Does anyone understand the paragraph below?
The paragraph comes from Cross-valiation explanation at wikipedia.
"It can be shown under mild assumptions that the expected value of the MSE for the training set is (n − p − 1)/(n + p + 1) < 1 times the expected value of the MSE for the validation set (the expected value is taken over the distribution of training sets)."
Thanks in advance.
When you fit a model on a training set, a simple measure of model fit is MSE, which is basically the average squared distance between the observed y values and the predicted y values from your model. It turns out that MSE is an optimistic measure of the predictive accuracy of your model if you were apply the model to a brand new dataset on which the model was not trained. The general purpose of cross-validation is to try to estimate the accuracy of your model when applied to a new dataset.
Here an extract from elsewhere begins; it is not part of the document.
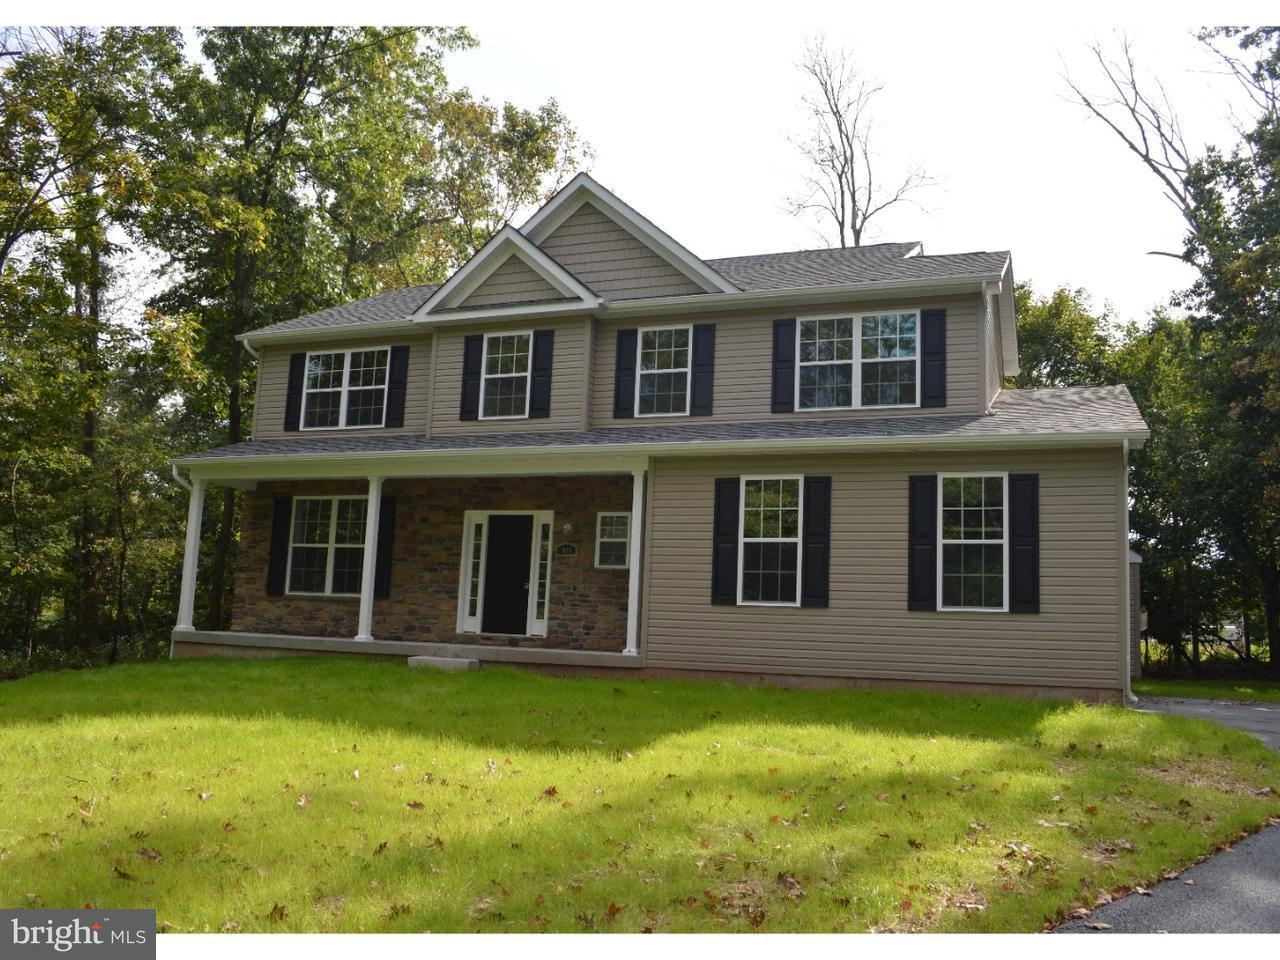 Single Family Home for Sale at LOT 2 WIMBLEDON Lane Hatfield, Pennsylvania 19440 United States

However, in the case of linear regression, it turns out that the amount by which the MSE from the training dataset underestimates the predictive accuracy on a new data set can be estimated to be
$\dfrac{n-p-1}{n+p+1}$ where n is the number of observations in the training dataset and p is the number of parameters estimated. Thus it is estimated in linear regression that
$ MSE_{validation}=\dfrac{n+p+1}{n-p-1} MSE_{train}$.
Therefore, there is no need to use cross validation in a linear regression to estimate how the model would perform on a validation dataset.